What we have here is $119 million into racing. Can I say, having Caulfield Racecourse, it is a great facility in desperate need of an upgrade. We have been talking about this for a long time. We had the government supporting a big, bold vision of $570 million to upgrade the middle; for sports facilities, recreation, a whole range of things, we are still waiting. There has not been one dollar from the Andrews Labor government when it comes to upgrading the middle. We have got a new trust. The previous minister for the environment, the current Minister for Energy and Resources, was up and about cutting ribbons and talking up what we could have in the middle of the racecourse. We have one of the lowest amounts of open space in the state and are desperately in need of recreation and sporting facilities, and we are still waiting. We have some funds here. I would hope as part of that, as part of the budget next week, that we would see the Caulfield Racecourse Reserve upgraded. We desperately need it. No more talk – let us get some action.
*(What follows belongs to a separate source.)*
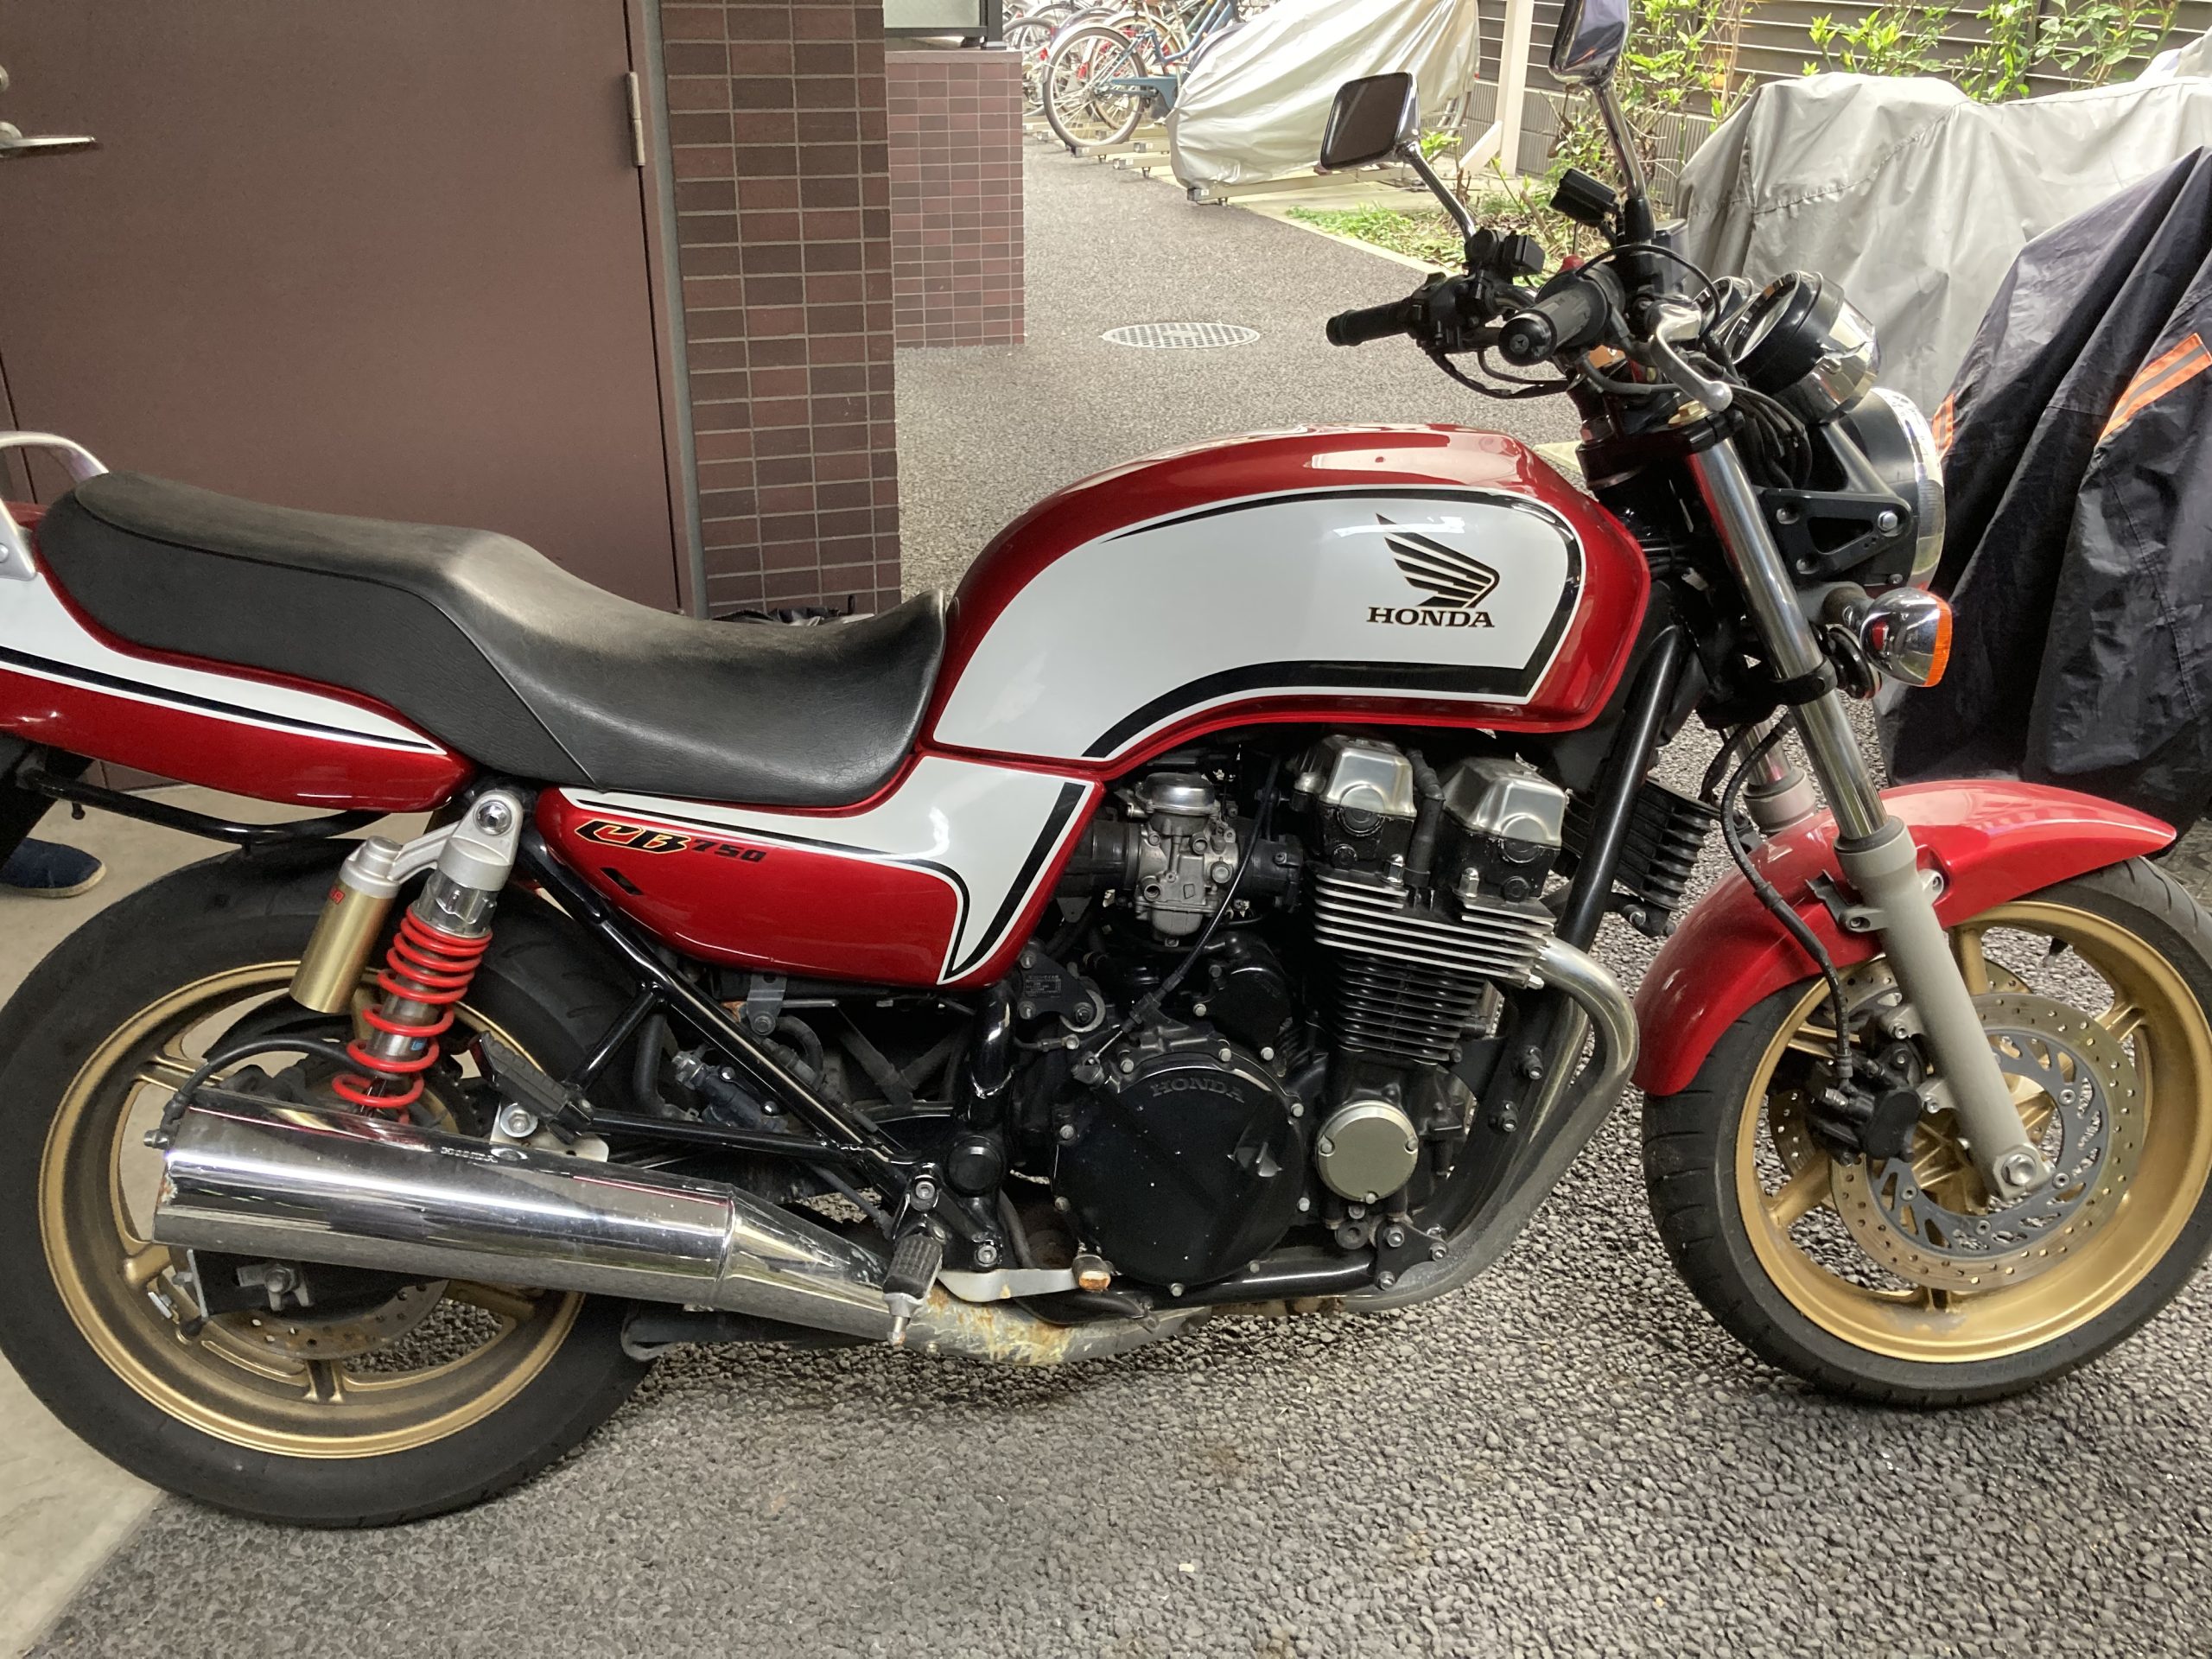 ホンダ CB750ｰ2 RC42 - バイク買取ならバイク買取ならバイク査定ドットコム

I understand also there has been some negotiation of the rental arrangement between the Caulfield Racecourse and the trust which funds the middle of the racecourse. I am not sure where that is at. I would ask the government to certainly come clean as to where that is, because at the moment that is the only funding that is available for the trust. I am told that if the Caulfield Racecourse Reserve Trust does not get the funds that it desperately needs, it will literally have to turn the lights off and lock the door, because the Caulfield Racecourse Reserve Trust has run out of money.

So while we are talking up certainly racing, while we are talking up the idea that gambling and racing are important and an integral part in terms of what they do within our community – with industry, with jobs, with a whole range of things – let us not forget for 1 minute about how we can take these wonderful facilities which are in the middle of these racecourses and turn them into public open space. That is what it is: Crown land, public open space. So we can have racing on the outside – the jobs and industry and everything else that it benefits – and we should also look at what that does in the middle of these racecourses. This government need to actually get off their hands and support it with some sort of funding.

We are talking about money here. We are talking about money going back into racing. Let us make sure that when we talk about that, we talk about racetracks. I know the Caulfield Racecourse themselves have put half the $570 million to do the outside in terms of what is involved in racing. The government now needs to come clean with their fair share and stump up the cash to do the middle. It is a partnership. We often talk about partnerships. It is time for the Andrews Labor government to actually stump up the cash that the Caulfield Racecourse Reserve desperately needs.

Mathew HILAKARI (Point Cook) (18:59): I rise tonight – and I look forward to rising tomorrow on the Gambling Taxation Bill 2023.

Business interrupted under sessional orders.